- Task prompt: The line with "Uudet hyvää asianajajatapaa" marks the start; please set it down along with all later lines through the end of the material, exactly, leaving out pictures.
─── Supplied information ───
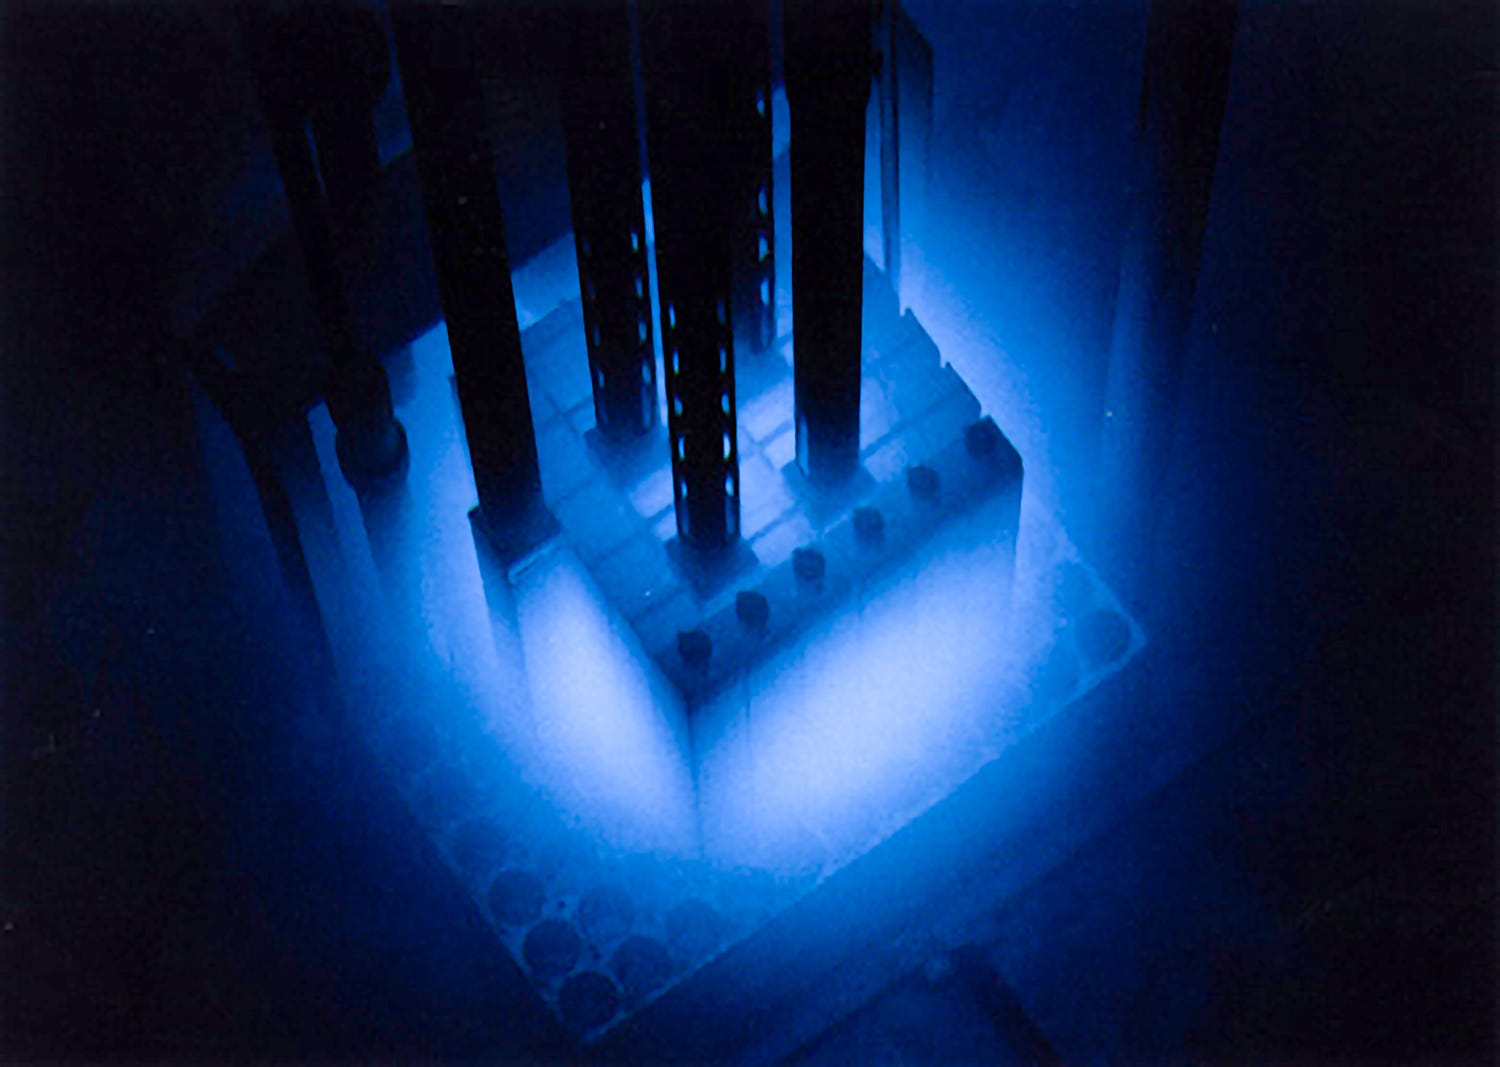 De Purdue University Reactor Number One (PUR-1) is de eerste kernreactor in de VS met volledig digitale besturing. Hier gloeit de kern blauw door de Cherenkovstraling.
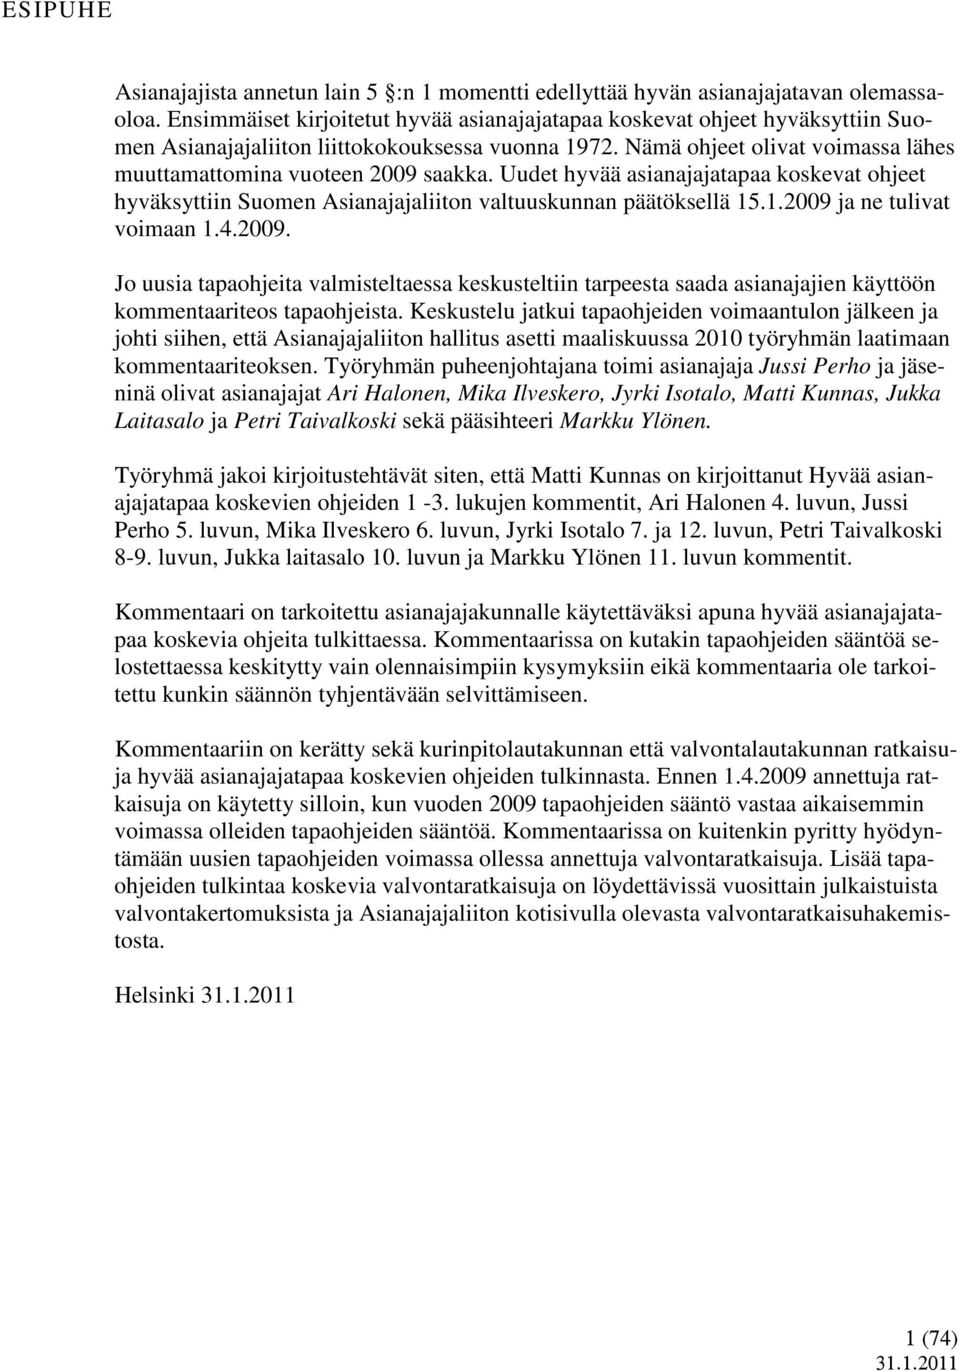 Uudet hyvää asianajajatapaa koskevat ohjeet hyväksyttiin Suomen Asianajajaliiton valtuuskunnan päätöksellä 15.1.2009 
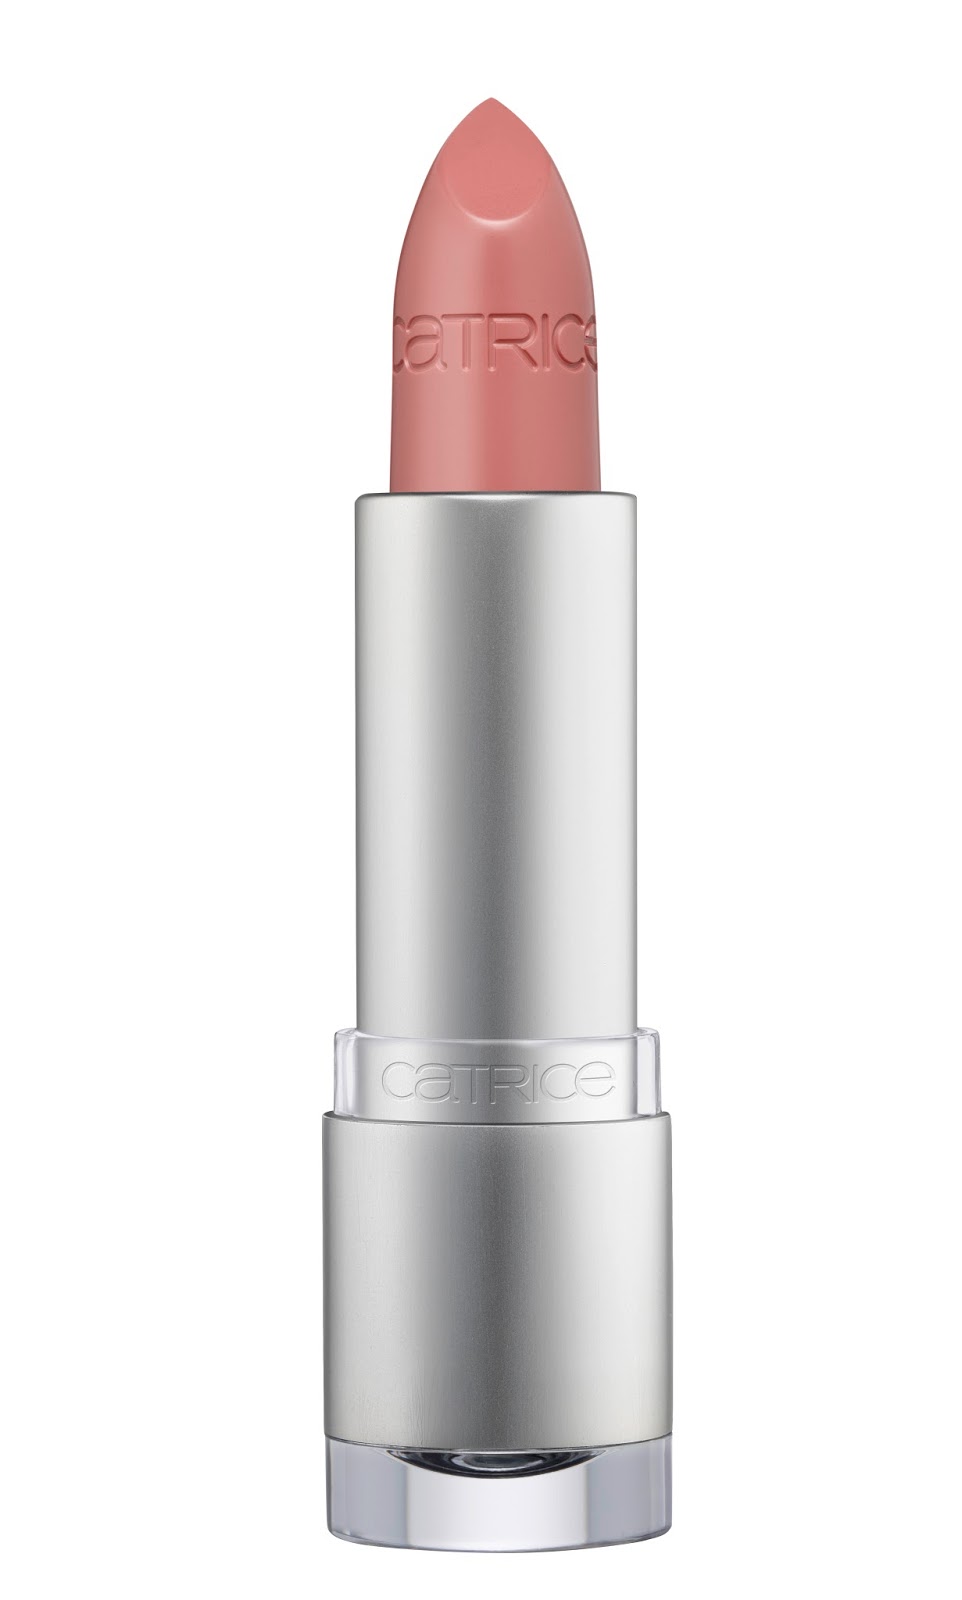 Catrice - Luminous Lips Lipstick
───
- Result for this exercise:
 Uudet hyvää asianajajatapaa koskevat ohjeet hyväksyttiin Suomen Asianajajaliiton valtuuskunnan päätöksellä 15.1.2009 
 Catrice - Luminous Lips Lipstick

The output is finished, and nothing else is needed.